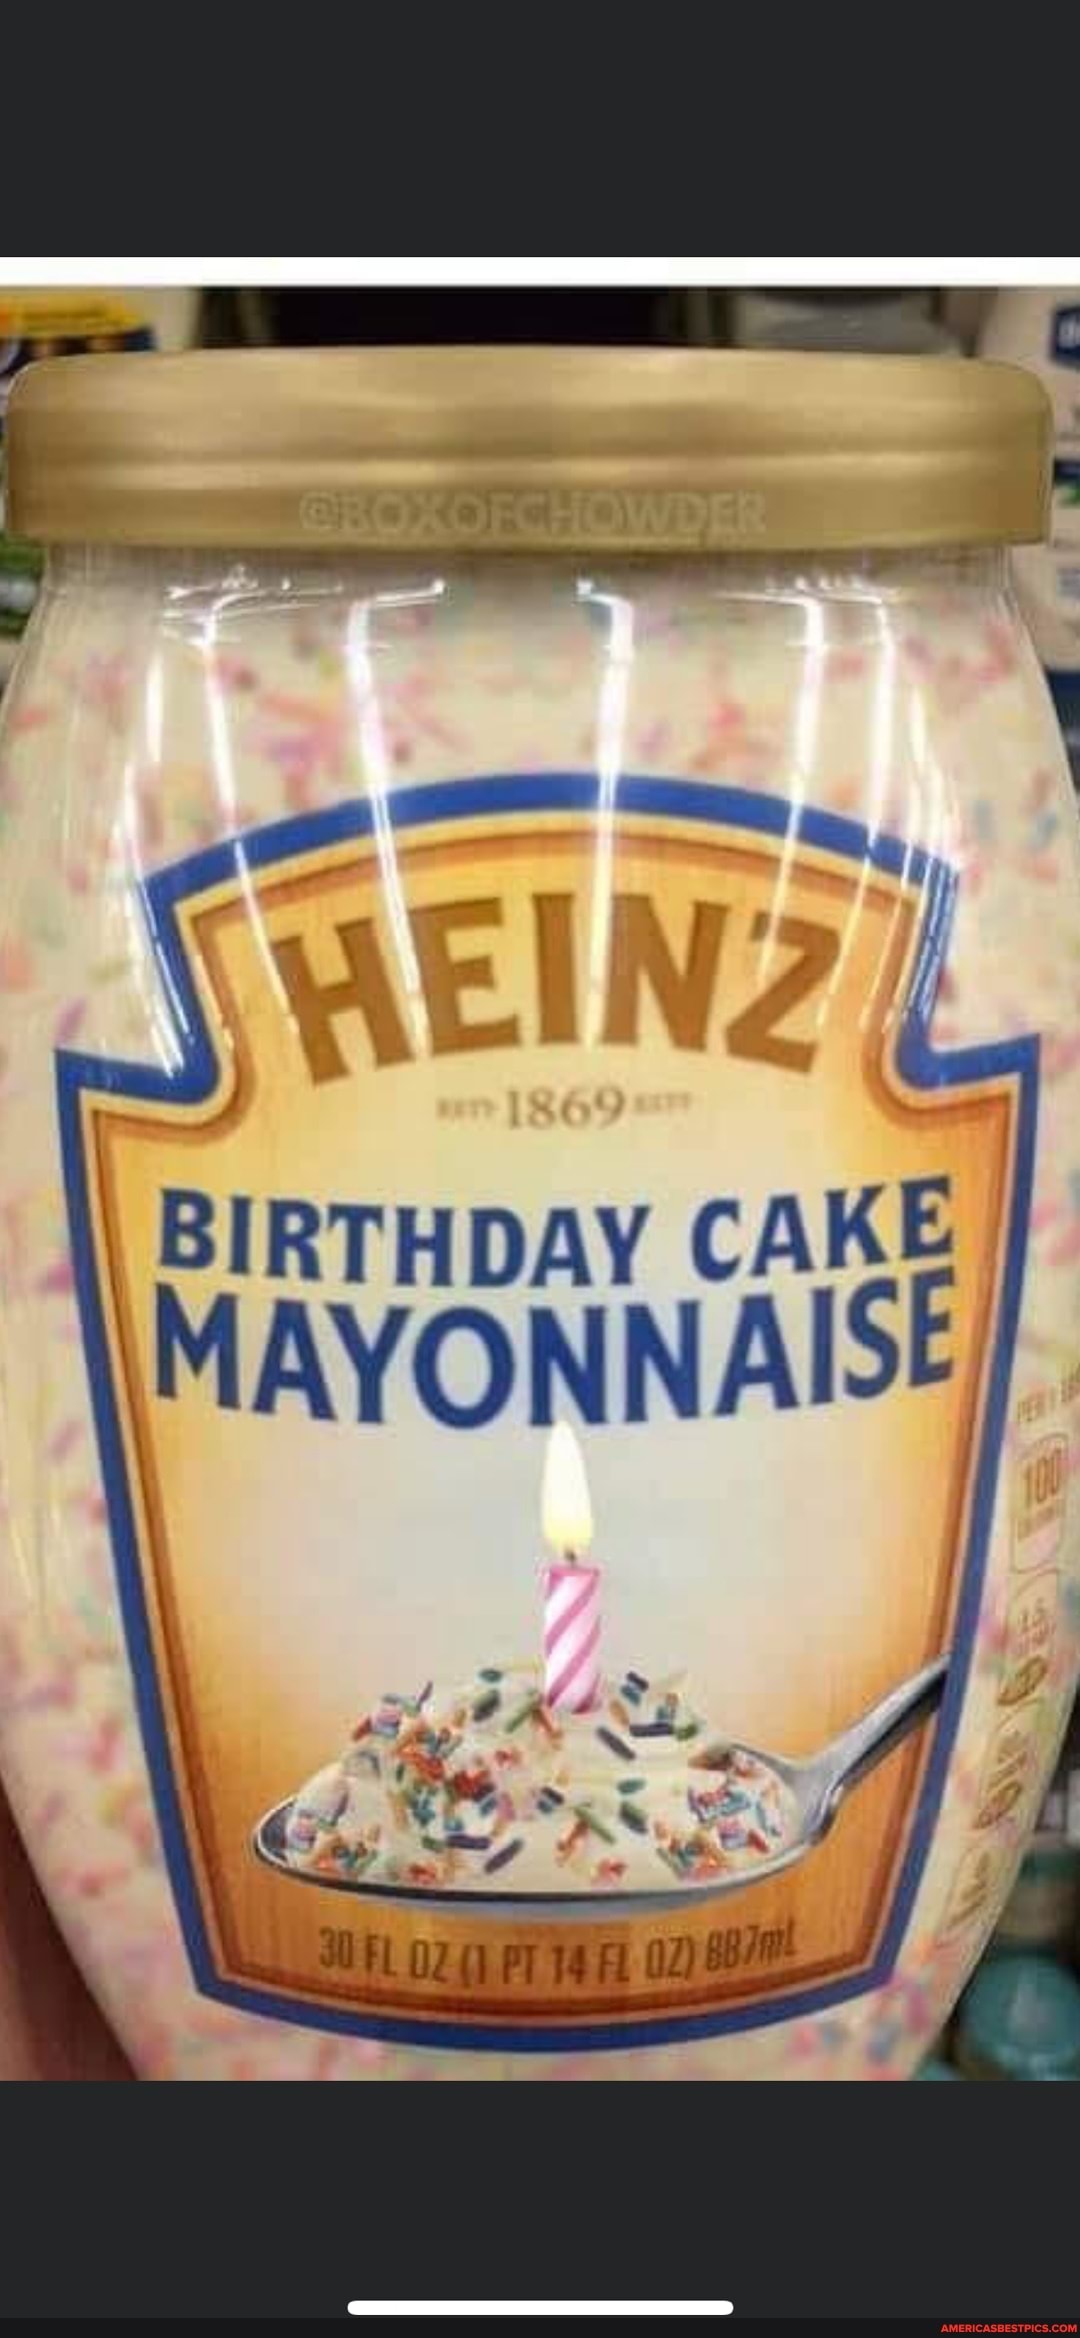 BIRTHDAY CAKE MAYONNAISE - America's best pics and videos
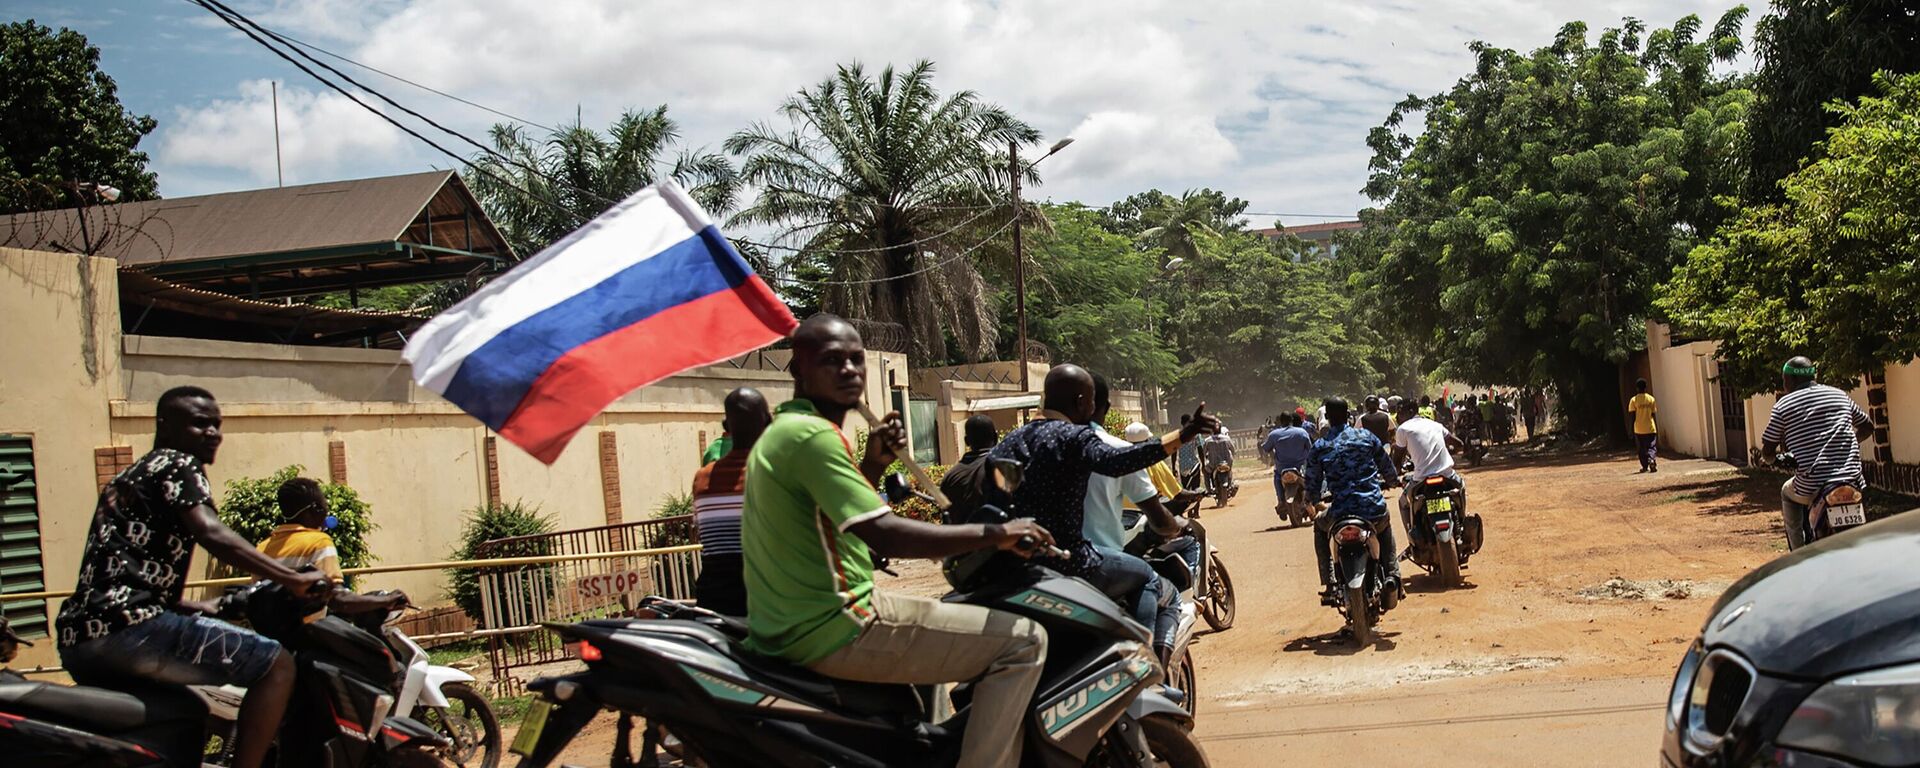 Supporters of Capt. Ibrahim Traore parade a Russian flag in the streets of Ouagadougou, Burkina Faso, Sunday, Oct. 2, 2022. Burkina Faso's new junta leadership is calling for calm after the French Embassy and other buildings were attacked. The unrest following the West African nation's second coup this year came after a junta statement alleged that the ousted interim president was at a French military base in Ouagadougou. France vehemently denied the claim and has urged its citizens to stay indoors amid rising anti-French sentiment in the streets. (AP Photo/Sophie Garcia) - Sputnik International, 1920, 25.01.2023
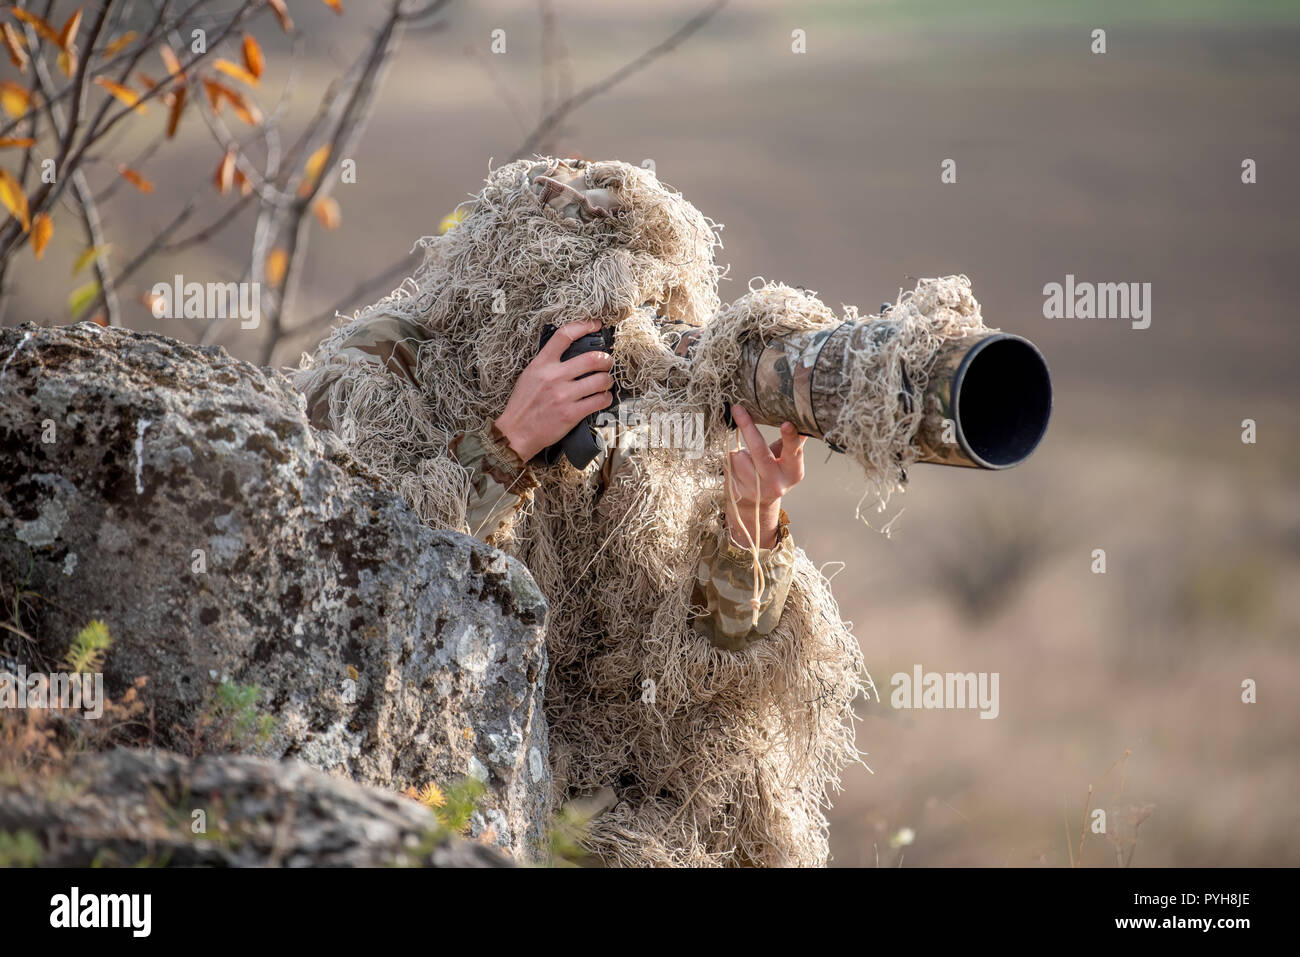 Wildlife Photographer In The Summer Ghillie Camouflage Suit Working In The  Wild Stock Photo, Picture and Royalty Free Image. Image 149757705.

____

[What to work on]
Return, exactly as they stand, the lines from the opening line of the listing through the line with "Supporters of Capt.", both ends counted, and no pictures.

[Written response]
 BIRTHDAY CAKE MAYONNAISE - America's best pics and videos
 Supporters of Capt. Ibrahim Traore parade a Russian flag in the streets of Ouagadougou, Burkina Faso, Sunday, Oct. 2, 2022. Burkina Faso's new junta leadership is calling for calm after the French Embassy and other buildings were attacked. The unrest following the West African nation's second coup this year came after a junta statement alleged that the ousted interim president was at a French military base in Ouagadougou. France vehemently denied the claim and has urged its citizens to stay indoors amid rising anti-French sentiment in the streets. (AP Photo/Sophie Garcia) - Sputnik International, 1920, 25.01.2023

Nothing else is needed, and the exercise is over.